Ludlow likens the experience to his time spent as an amateur stamp collector. For years, he travelled from dealer to dealer, digging through bins for the best finds. But then came the Internet. And eBay. And suddenly it wasn’t fun anymore. Another aspect of Ludlow’s metaphor deserves consideration. He recalls the time a stamp dealer spontaneously showed him a folder of 19th-century envelopes, something Ludlow would never have asked to see on his own initiative. Within minutes, his hobby “had been radically transformed.” We don’t always know what we want until we experience it.
Second-generation dating sites always boast of their personality-matching capabilities, their ability to predict similarity and compatibility. But few entertain a critical question: just how important is personality to a successful match? The answer: not much.
“The weight of scientific evidence,” write psychologists Eli Finkel and Susan Sprecher in Scientific American, suggests that “similarity and complementarity” have little effect on “ long-term romantic compatibility.” Controlling for baseline measurables like age, education and marriage history, matching algorithms are only “negligibly better than matching people at random.”

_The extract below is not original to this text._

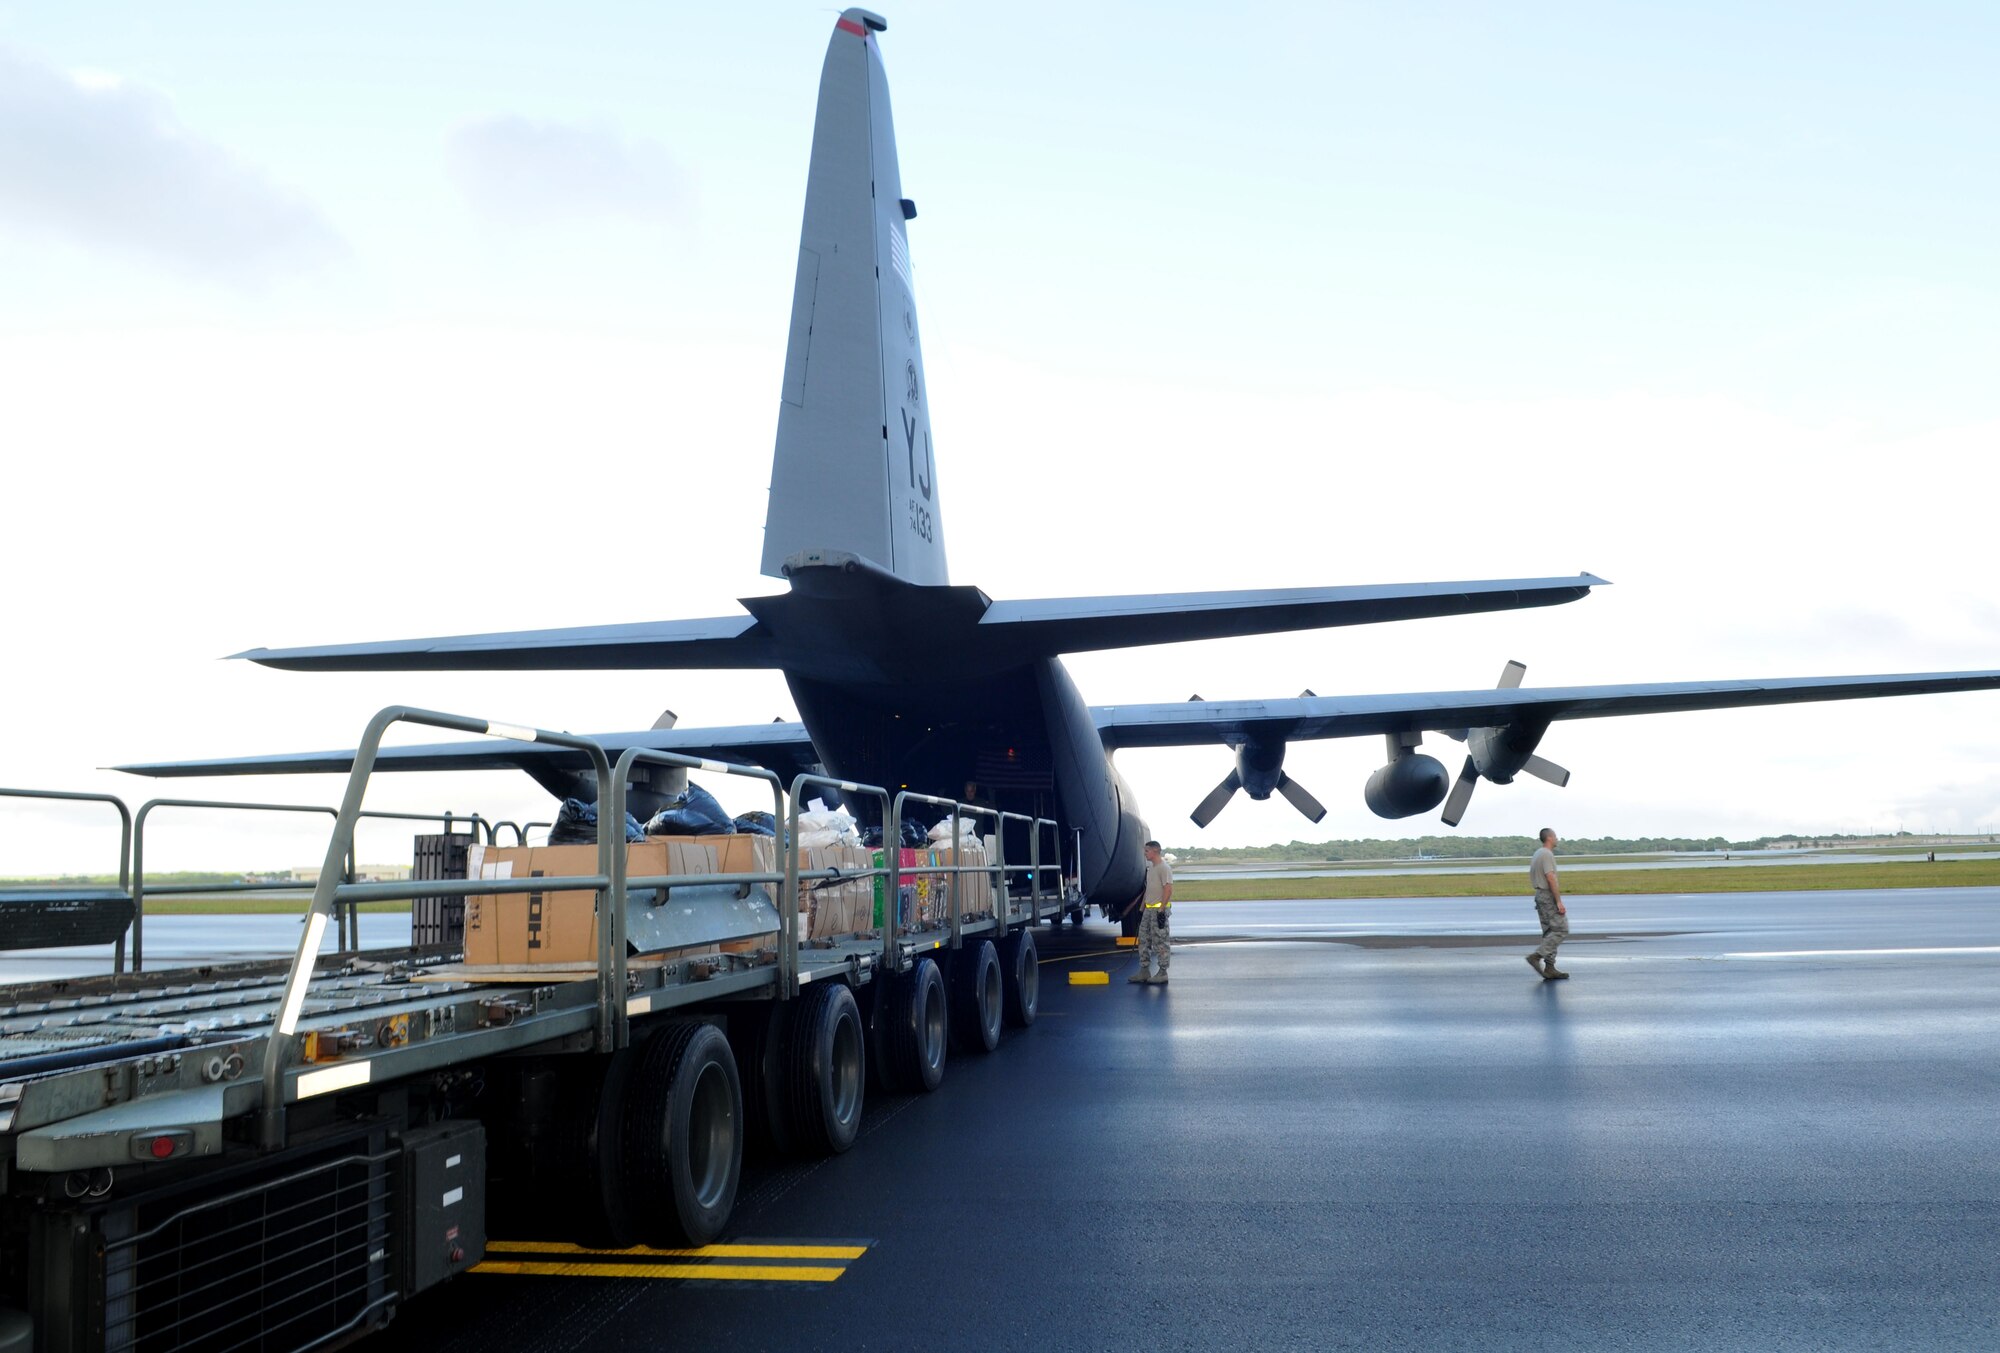 Airmen from the 36th Airlift Squadron, Yokota Air Base, Japan, load boxes of donated goods worth more than $93,000 onto a C-130 Hercules prior to take-off from Andersen Air Force Base, Guam, during Operation Christmas Drop Dec. 14. This year more than 60 boxes will be dropped to 55 Island weighing in at more than 20,000 pounds. Operation Christmas Drop is the Air Force?s longest-running humanitarian which began in 1952. Airmen today continue the tradition delivering supplies to remote islands of the Commonwealth of the Northern Marianas Islands, Yap, Palau, Chuuk and Pohnpei. (U.S. Air Force photo/ Senior Airman Nichelle Anderson)

In the near future, it is likely that the boundaries between online and off-line dating will blur. With its new Graph Search, Facebook’s users can seamlessly integrate romantic pursuit into their daily routines. Already, social platforms that, on first glance, have nothing to do with dating have begun to offer matchmaking services. Spotify, a music-streaming app, has integrated with a website called Tastebuds.fm, which scans your music and suggests matches nearby with similar tastes.
The future will also be mobile, as smartphones become ubiquitous. An app called Badoo (mostly popular in Europe and Latin America) uses GPS tracking to arrange dates on the fly—with little more than a photograph from users. In 2012, Badoo boasted 35 million users. And industry leaders eHarmony, Match and OkCupid have all released new mobile applications.
This idea is old hat to the four million men who use Grindr, a mobile app for the gay community. It’s a user-friendly concept: after downloading the app to your phone, you’re instantly shown other gay men in your vicinity. Like the look of someone’s profile? With a single tap, you’re chatting.
Sometimes, Grindr is just for conversation; on other occasions, it’s for sex. Recently, says Simon, a 24-year-old Toronto real estate agent, it has become “an obligation. Every gay guy I know has or has had Grindr.”
If technology has its way, it’s only a matter of time before the typical date ceases to be a private and isolated occurrence, a product of kismet, effort or choice, and instead becomes a relentless, on-the-go and highly customizable experience.
In the meantime, as dating becomes more like Internet shopping, some worry about product safety. In their 2012 meta-study, the U.S. psychologists argue that online dating sites should be subject to regulatory authority, like the food and pharmaceutical industries. In particular, they insist, claims that “algorithms are supported by scientific research” should be externally substantiated. As it stands, the soulmate market is anyone’s game.